I don't mind someone taking events,characters, even the setting and changing them and making a new plot inspired by the originals, just don't try and pretend that it's Akira. Because it's not. Latching onto that name is merely trying to ride on star power.
What would you suggest in this case? "Steve"? =P
I'm kidding. I can see your point there. I'm not really defending the use of the same title, as in the case of the PG-13 production. I think a different title may be called for as well, but if a retelling came off feeling enough like "Akira," I wouldn't be put off by the use of the same name.
Though it would be kind of hard to come up with another one so simple and yet so powerful at the same time, and assuming one kept the character of Akira named the same, that could be an additional problem.
Dacon said:
I would hardly consider the characters and setting, integral part of a story(and writing a story) "minutiae". Wth man.
The atmosphere and overall context of a setting is more important than the geographical location.

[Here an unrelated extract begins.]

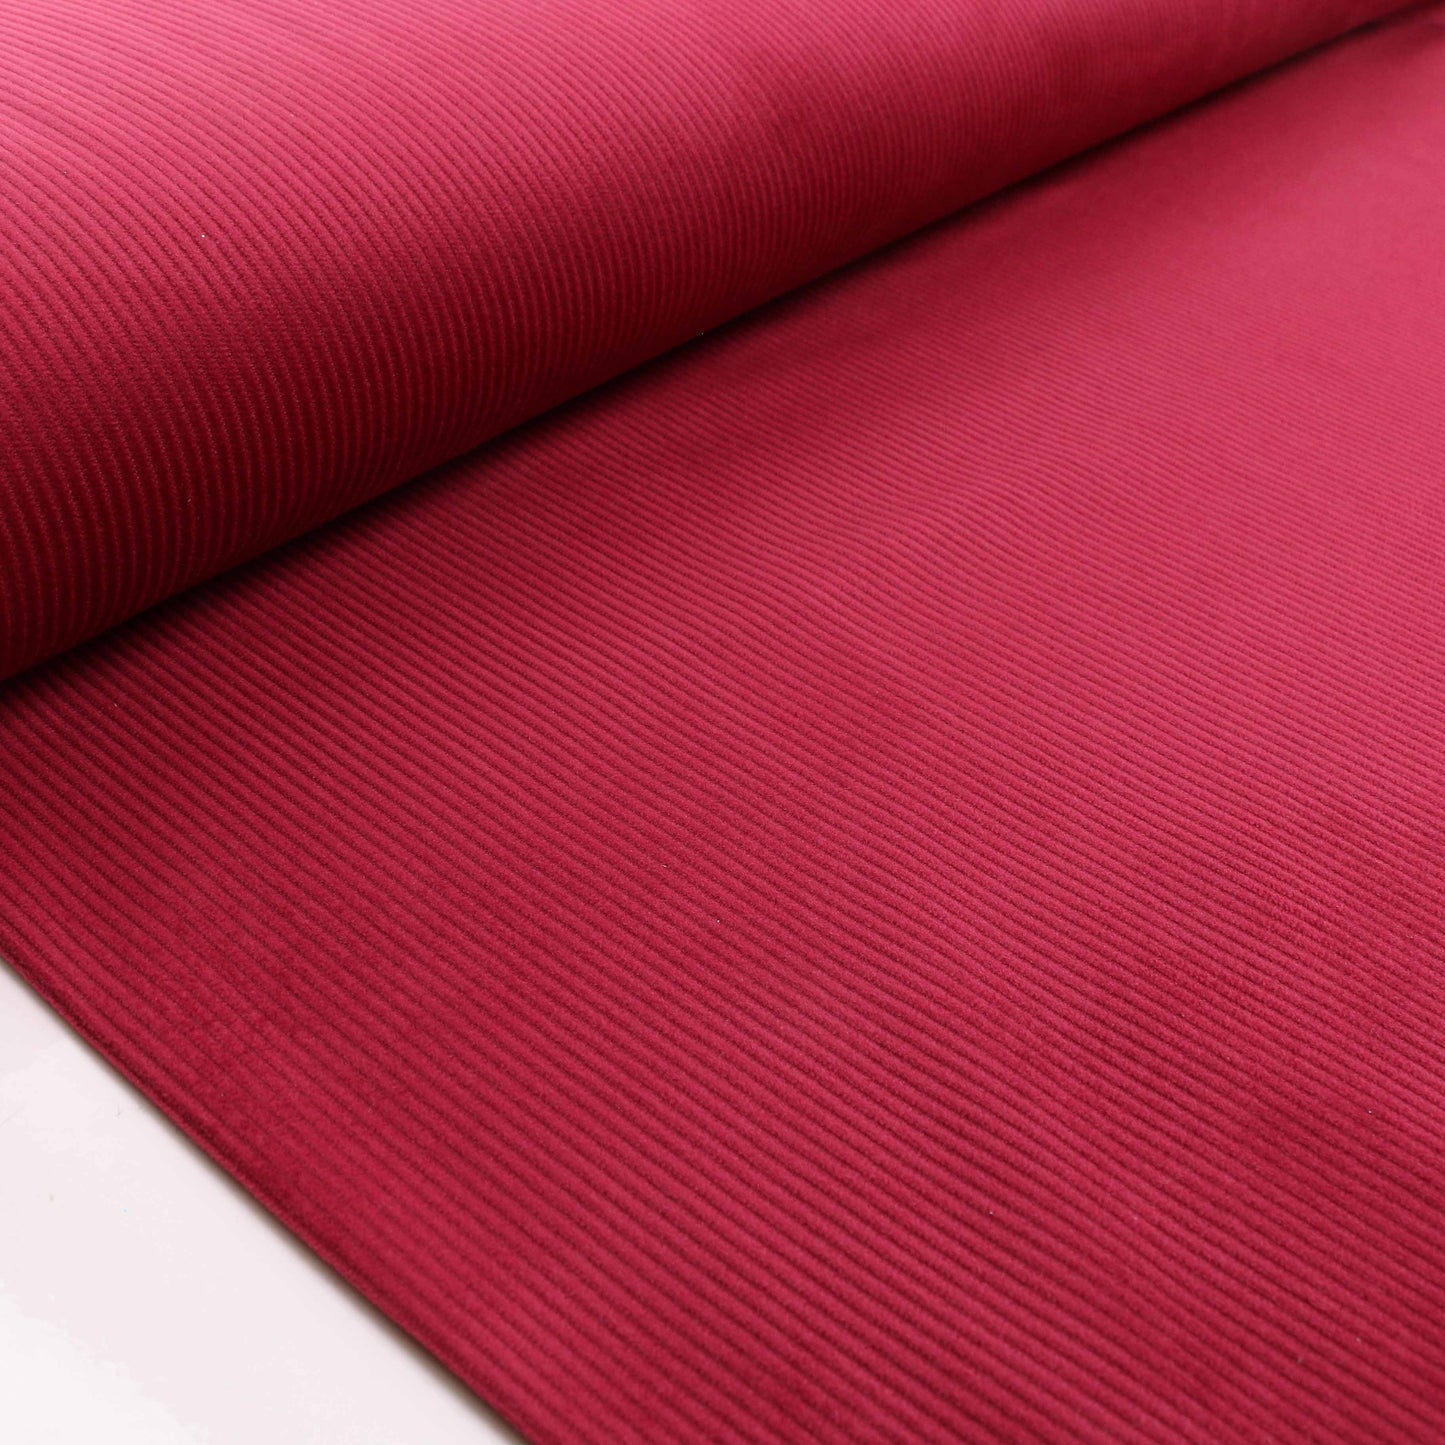 Corduroy Knit Fabric - Denim, Mustard, Wine, Red, Green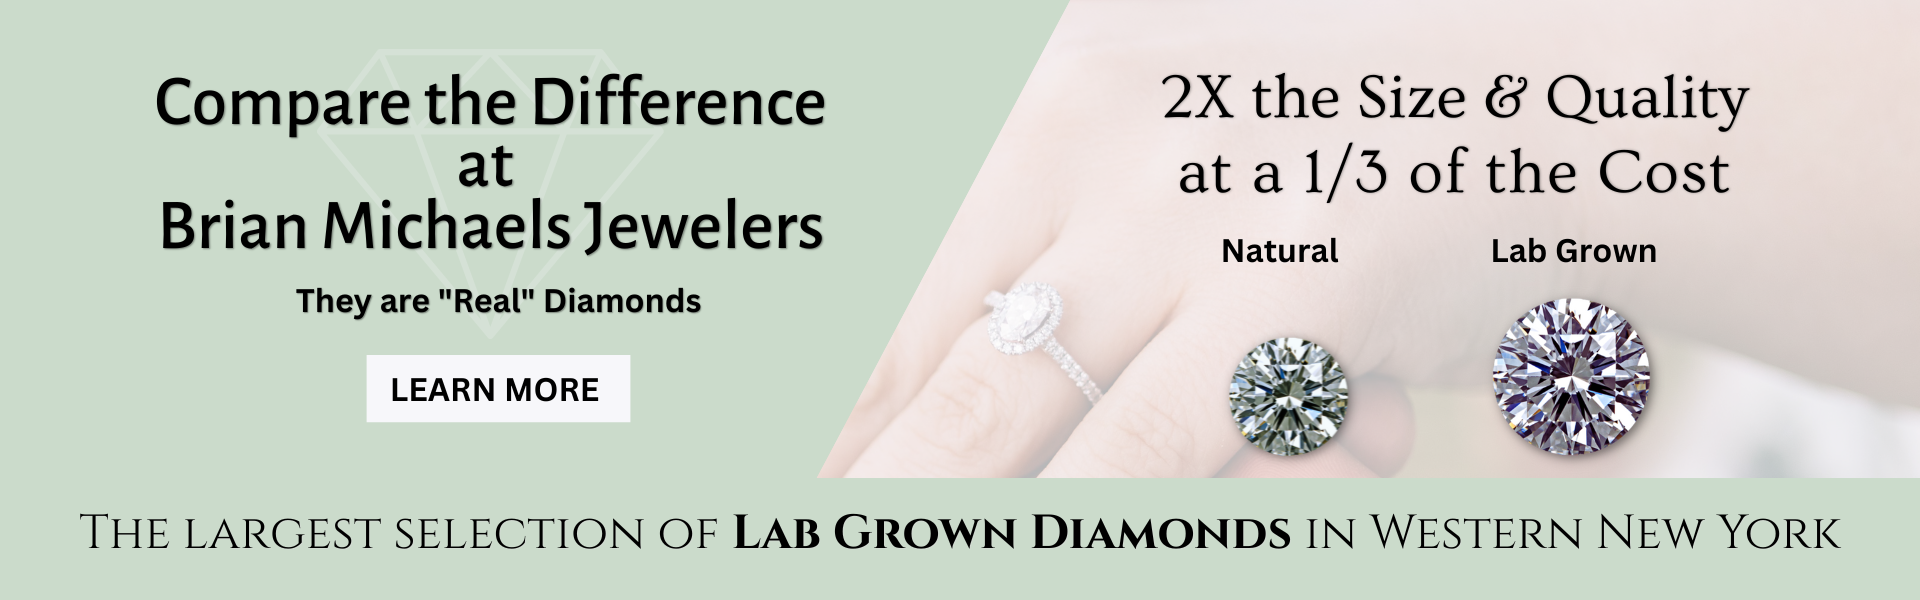 Lab Grown Diamonds at Brian Michaels Jewelers

Look at Western remakes of Japanese films like "The Magnificent Seven" ("Seven Samurai," of course) and "A Fistful of Dollars" ("Yojimbo"; ironically, this movie drew heavily from Westerns).
Hell, look at Akira Kurosawa's "Ran" -- an adaptation of "King Lear," which, like much of Shakespeare's work, was inspired by an even older story. Again, the wheel of inspiration turns round and round.
Speaking of Shakespeare, I don't feel that Baz Lurhmann's "Romeo+Juliet" suffered at all from not being set in Verona, Italy -- though I'd also add that it was an excellent film in all respects.
looney said:
Watchmen motion comic amirite?
Indeed you are!
Atem said:
Am I the only one that finds The Godfather unspeakably boring?